太和殿的檀木在晨光里发出冷硬的光。檀香在梁间慢慢散成薄雾,像是睡不醒的朝堂,连呼吸也被压扁了。她跪在绣有鸢尾的锦毡上,膝盖贴着冷到透骨的地砖,锦边的线尖刺进掌心。手指攥住缨穗,指节白了又红,像是在计算时间。
皇上上座。脚步不急不慢,声线像斩断的刀,一字一字落下。皇上的声音短,带着北方人的干硬。"赦令如何?"
她回了一句话,句子长而平稳,像师者念经:"臣妾既遵国法,赦令出自皇恩,若有不公,请皇上明示要点。"话里没有恳求,有条理。殿外的暖风吹进来,带着雪水和城外马蹄的霉味。
身后一个太监咳出两声,粗口落地。他的南腔北调里全是市井味,像在吆喝货物:"皇后娘娘,先收着别乱说,咱们可都看着。"他说完,手里的黄绫叠得规矩,像一张张无声的判词。
皇上伸手,手掌按在桌上的折扇上,指节沉着。他把扇子合上,像关上一扇窗。"有人说,皇后赦免的那日,前线营帐里血未干。"他每个字都砍下,冷得像刀刃。"朕要问一个人。"
她闭了闭眼,眼睫上的露珠在烛光里抖动。她的声音依旧是书卷的节奏,像是在背诵家法:"若有证据当面启奏,臣妾自承其过。"她的右手在袖中动了一下,动作轻得像是叩人心扉的指纹,却没人注意。

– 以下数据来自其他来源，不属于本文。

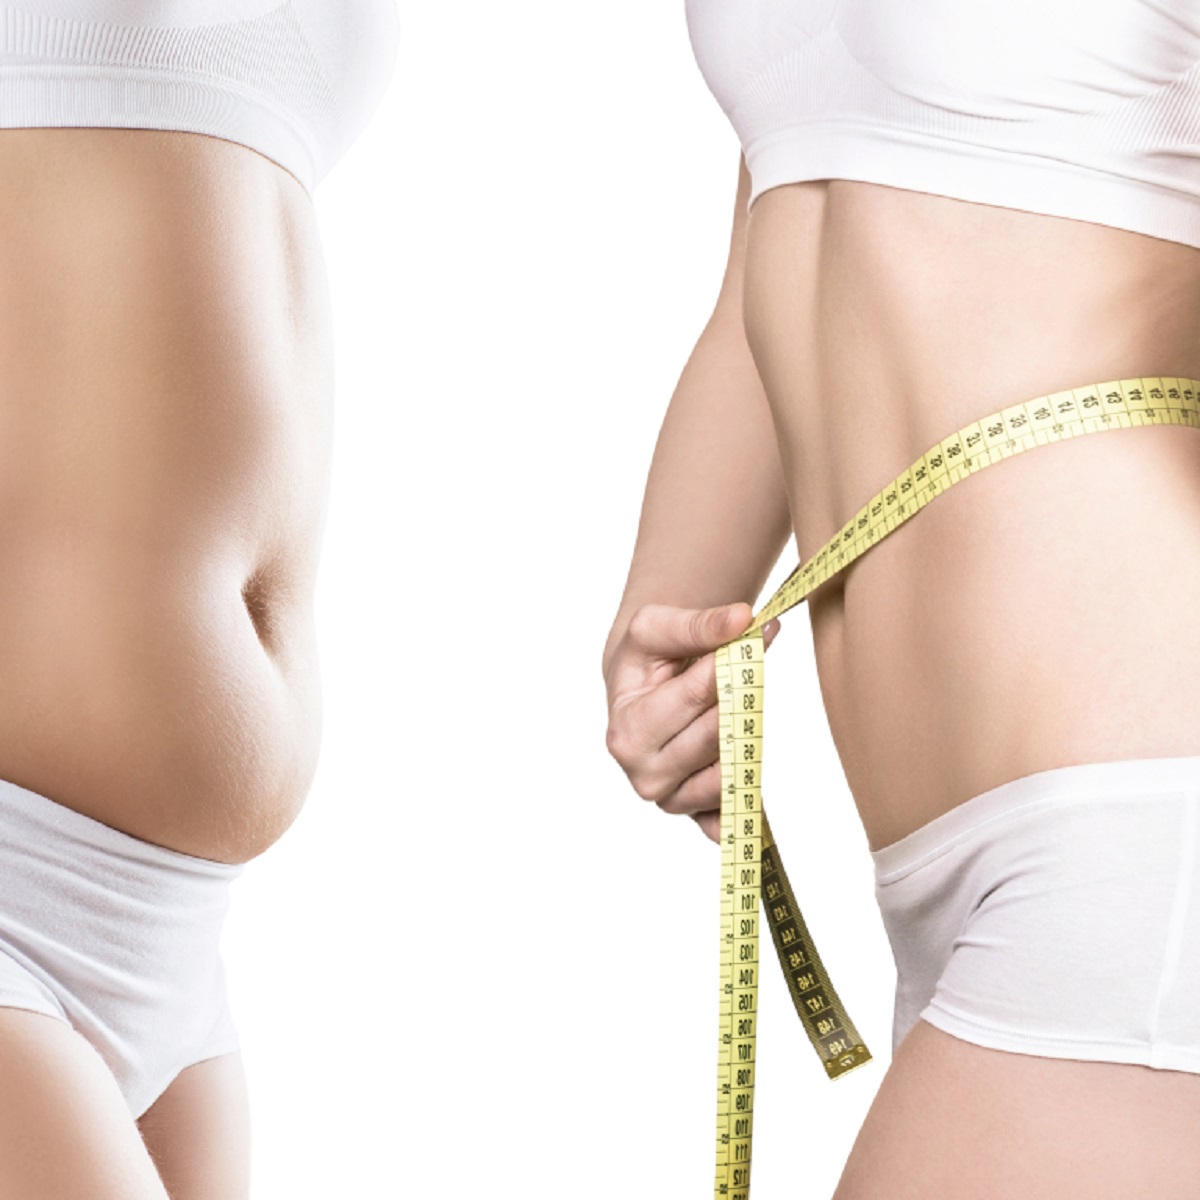 Read more about the article VISCERAL FAT – Why is Visceral Fat Dangerous to You and 12 Tips to Get Rid of It Naturally

皇上笑,很短的笑,像铁链滑过。"证据。"他把人群中撬出一张纸,纸角还带土的味道。众人侧目,空气里有了硝烟未散的窒息。纸展开,字迹瘦硬,末尾是一个她熟悉到不能再熟悉的印:她的私玺。那一刻,殿里的檀香似乎被抽走了一口,像有人把最温暖的被褥剥开。
她伸手去拿。指尖触到纸的瞬间,记忆像裂开的釉面,露出一条裂缝:两年前,她在后园绣了一个小红带,系在她孩子的头发上,带上的结是她特有的斜结法。那种斜结只在她一人手里。皇上把那条红带掷到她面前,红带在锦毡上翻了个身,散出一股麻木的熟悉。
她的喉头收紧,血液像被冷风推着往上涌。不是因为纸上的印章,不是因为那条红带,而是因为红带里,暗暗夹着一小片木屑——她曾在孩子被抱走的夜里,切下一小片破碗的木边藏在带里,作为识别。木屑在光里瘦小,却清得像刀刃。
殿里安静,安静得能听见她的呼吸。她把手伸过去,指尖颤得像冬日里的柳絮,抚上那片木屑。接触的瞬间,冰凉传遍手掌。她的声音低了下来,像是把自己拆成几节念出:"这不是我的字,皇上。字和印都不是臣妾所为。"话掉落,像一颗石子投入深井。
皇上看她,眼里没有怒火,只有一种审视动物的冷静。"既然不是,谁替你写?"他说完,殿外的门扇突然被推开,走进来的是一位宫女,脸色青白,手上握着一个小小的白布团,布边带着血色。宫女声音喘得像不久前跑过长街:"回禀……小王爷……"她的声音哽住,白布微颤。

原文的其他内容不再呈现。